Keats was born in London to Thomas Keats and Frances Jennings. He was the eldest of
five children. Both of his parents were of poor and working-class background. He became orphan
at the age of eight and was brought up by his grandmother. He received his early education at
school in Enfield. He studied to become doctor at the age of fifteen but left his medical career to
follow his literary inclinations.
His work was not generally well perceived during his lifetime or immediately after his
death. Keats, dying, expected his poetry to be forgotten, as the epitaph he wrote for his tombstone
indicates: “Here lies one whose name was writ in water.” But the nineteenth century critics and
readers did come to appreciate him, though, for the most part, they had only a partial understanding
of his work. They saw Keats as a sensual poet; they focused on his vivid, concrete imagery; on his
portrayal of the physical and the passionate, and on his immersion of here and now.

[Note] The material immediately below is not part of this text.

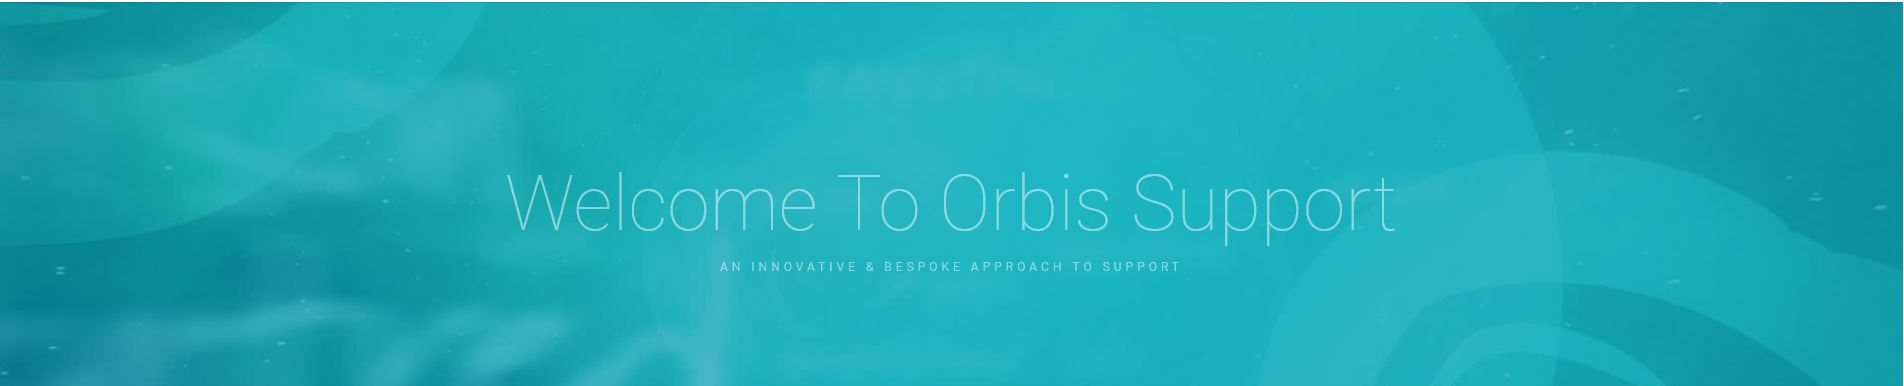 Welcome to Orbis Support, an Innovative & bespoke approach to support.

With the twentieth century, the perception of Keats’ poetry expanded, he was and his
praised for his seriousness and thoughtfulness, for his dealing with difficult human conflicts and
artistic issues, and for his impassioned mental pursuit of the truth. Keats advocated living “the
ripest, fullest experience that one is capable of”; he believed that what determines truth is
experience (“axioms are not axioms until they are proved upon our pulses”).
The publication of Keats’ letters, with their keen intellectual questioning and concern with
moral and artistic problems, contributed to this re-assessment. His letters throw light on his own
poetic practices and provide insight into his writing in general. Thus, even today his poems and
letters are some of the most popular and most analyzed in English Literature.